# EXERCISE:
The data below should be copied out exactly, with its pictures omitted.

# SOURCE MATERIAL:
-- -- --
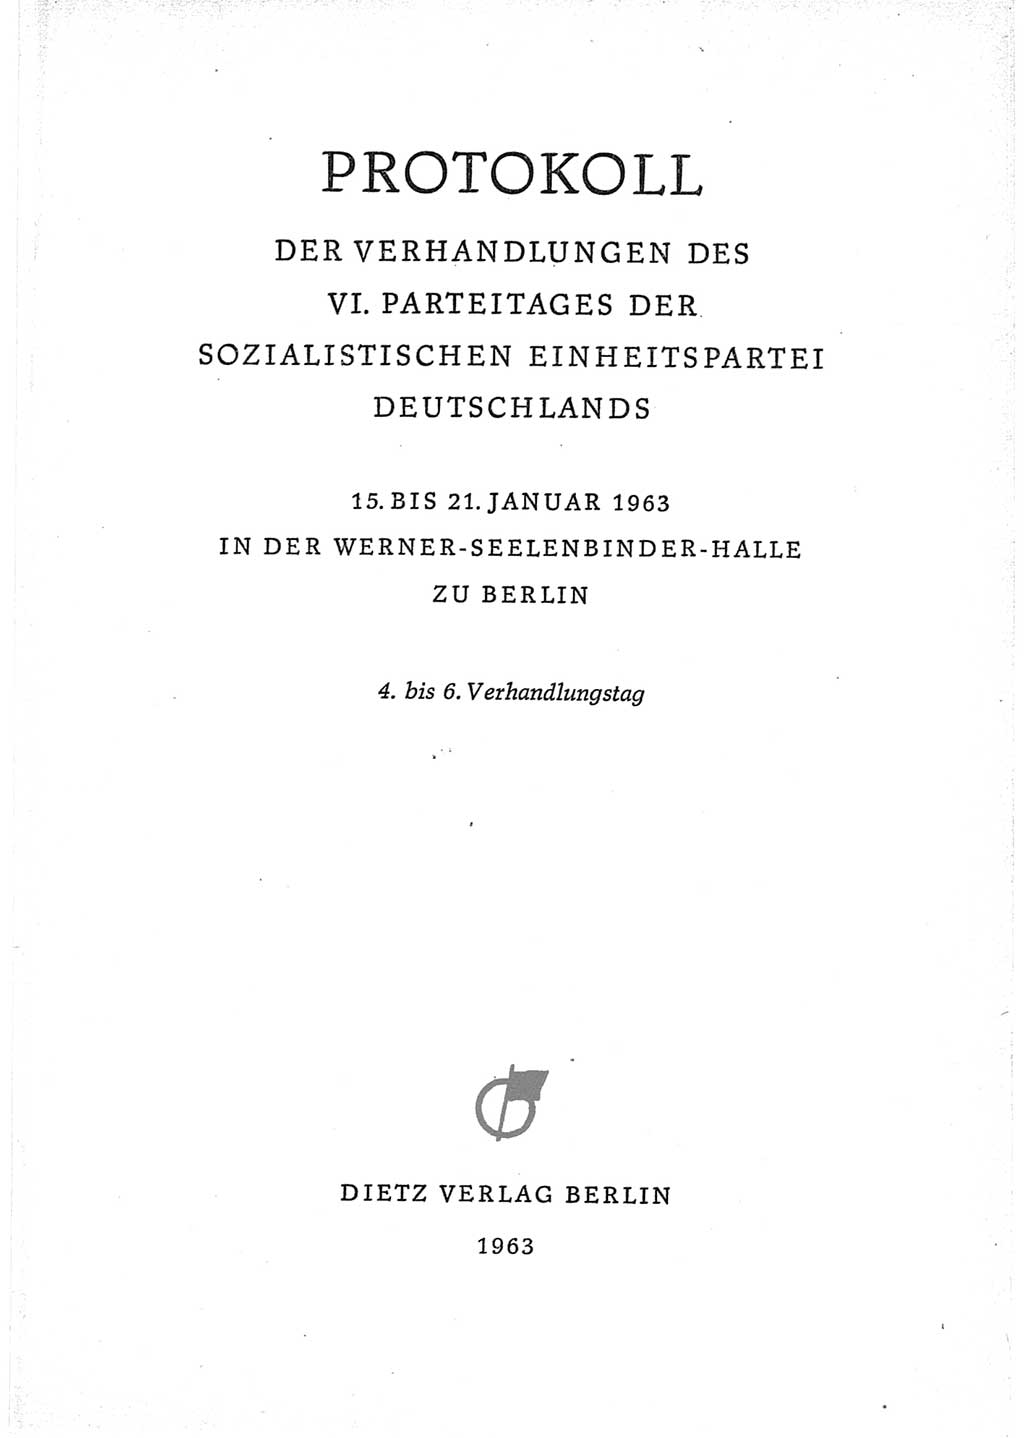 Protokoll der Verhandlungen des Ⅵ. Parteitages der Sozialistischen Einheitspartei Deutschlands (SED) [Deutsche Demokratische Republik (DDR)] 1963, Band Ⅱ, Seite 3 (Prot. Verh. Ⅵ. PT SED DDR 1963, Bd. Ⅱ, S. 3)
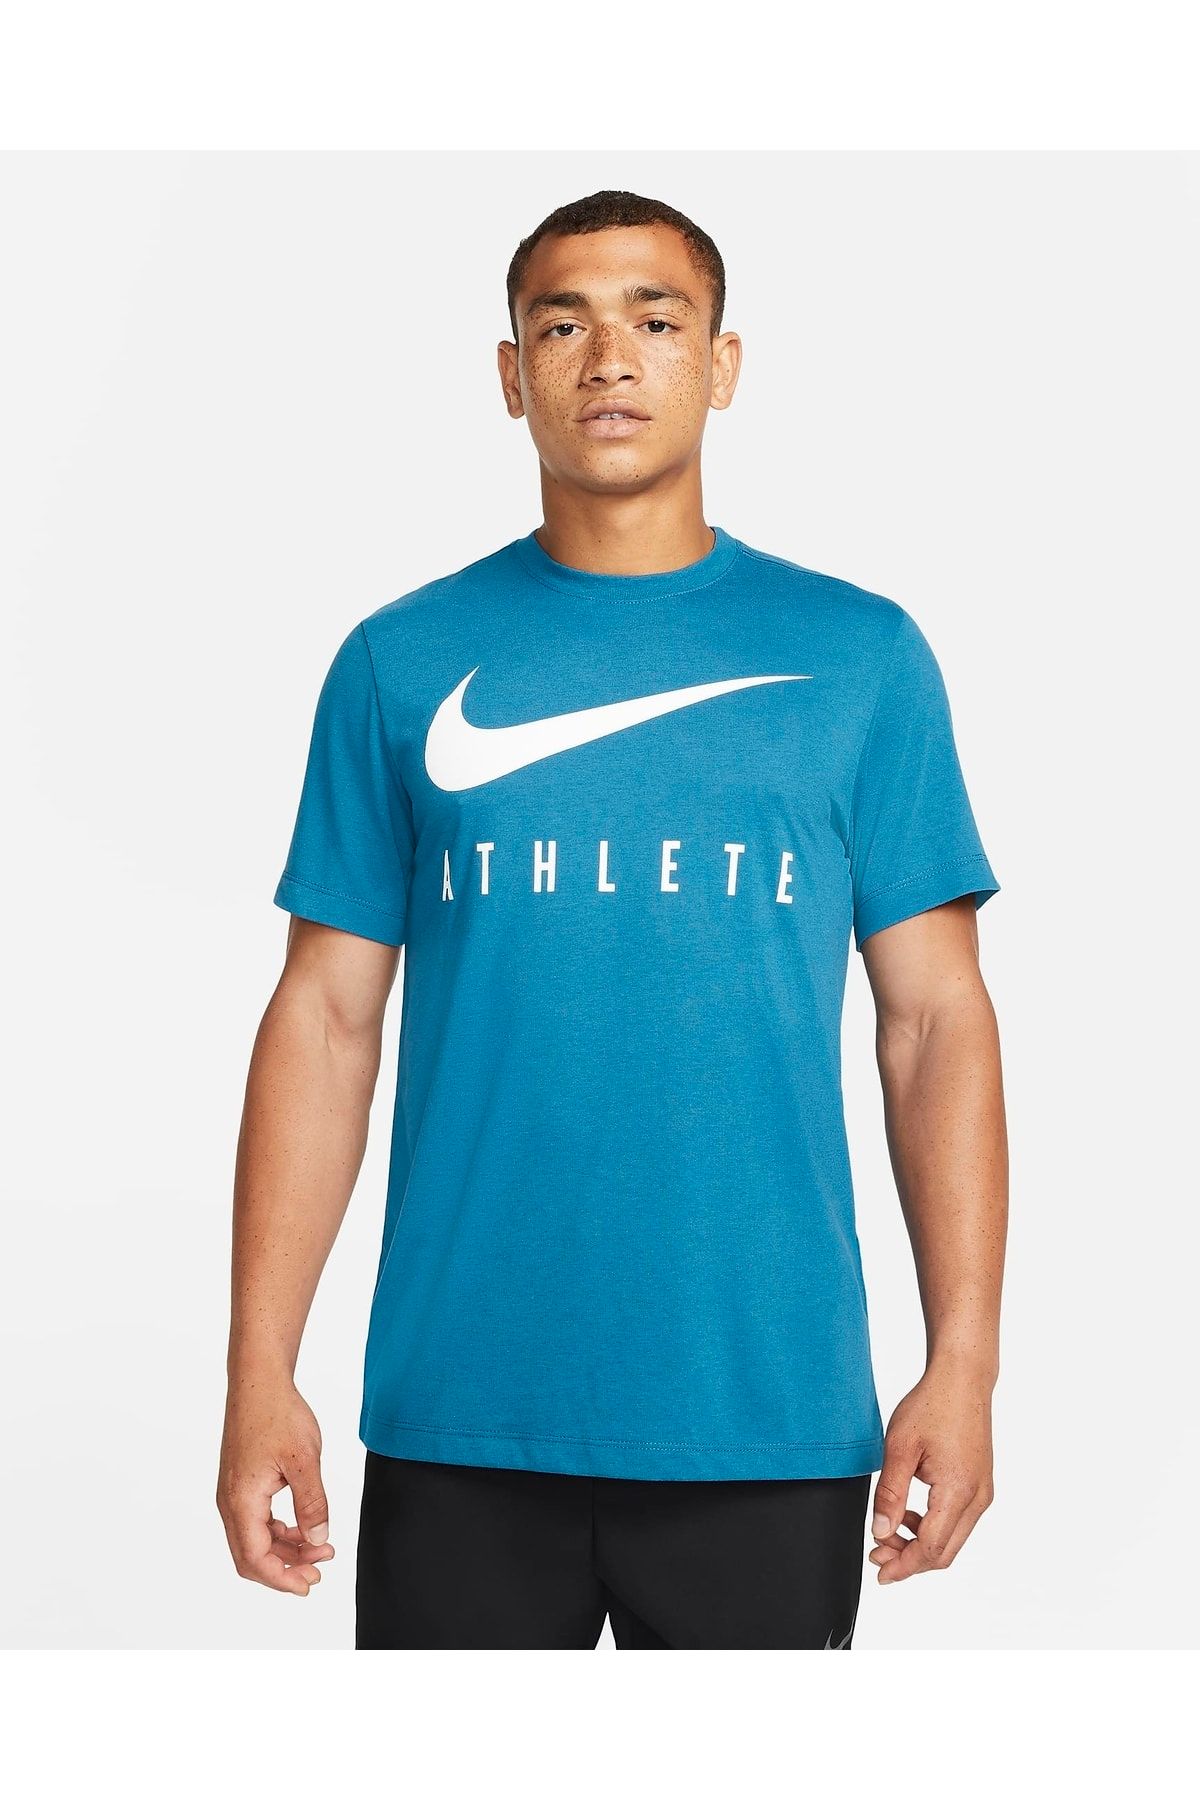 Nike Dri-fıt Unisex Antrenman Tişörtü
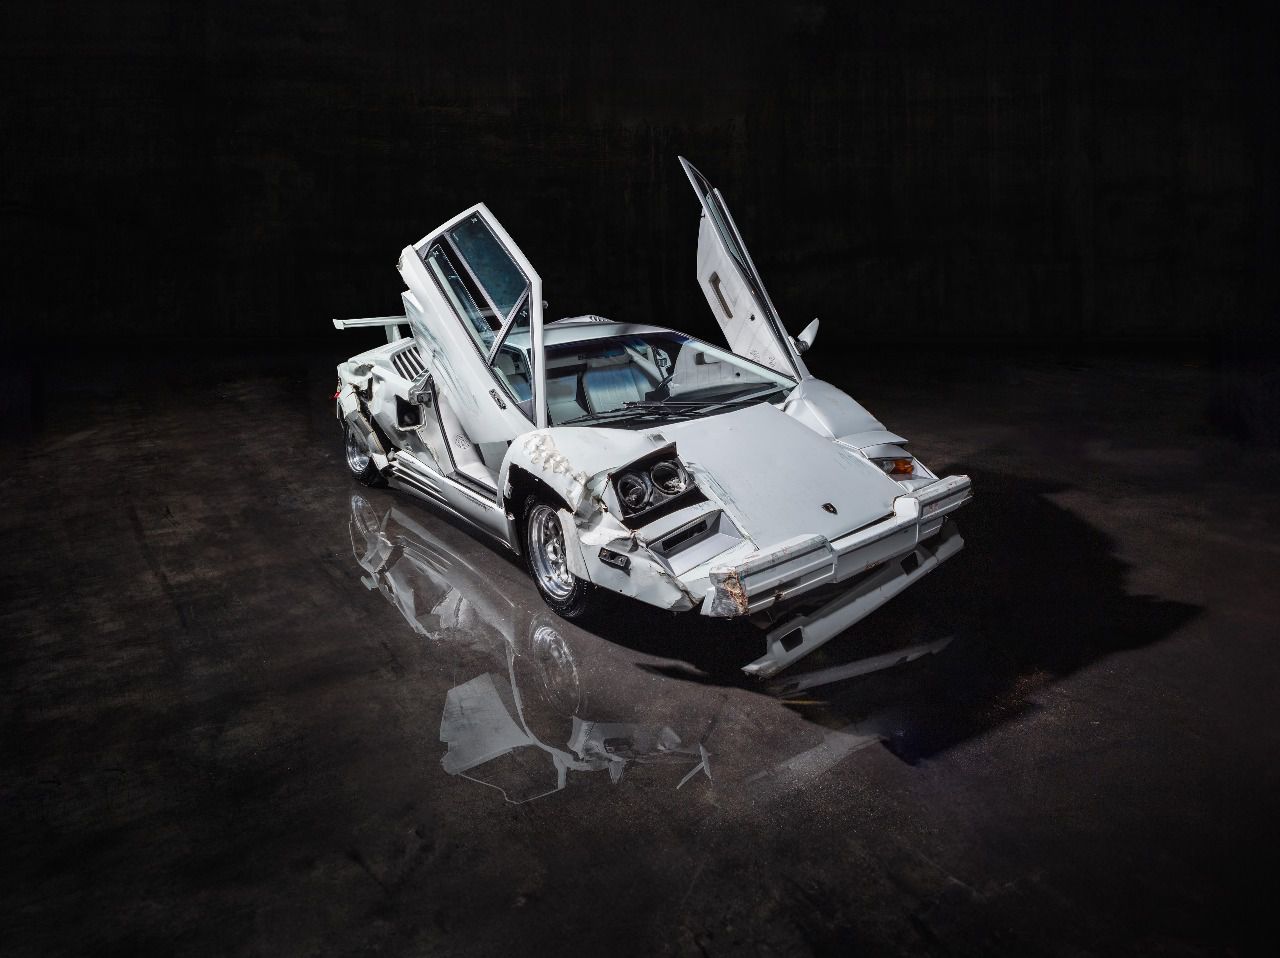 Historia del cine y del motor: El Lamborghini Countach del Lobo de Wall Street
-- -- --
# SOLUTION:
 Protokoll der Verhandlungen des Ⅵ. Parteitages der Sozialistischen Einheitspartei Deutschlands (SED) [Deutsche Demokratische Republik (DDR)] 1963, Band Ⅱ, Seite 3 (Prot. Verh. Ⅵ. PT SED DDR 1963, Bd. Ⅱ, S. 3)
 Nike Dri-fıt Unisex Antrenman Tişörtü
 Historia del cine y del motor: El Lamborghini Countach del Lobo de Wall Street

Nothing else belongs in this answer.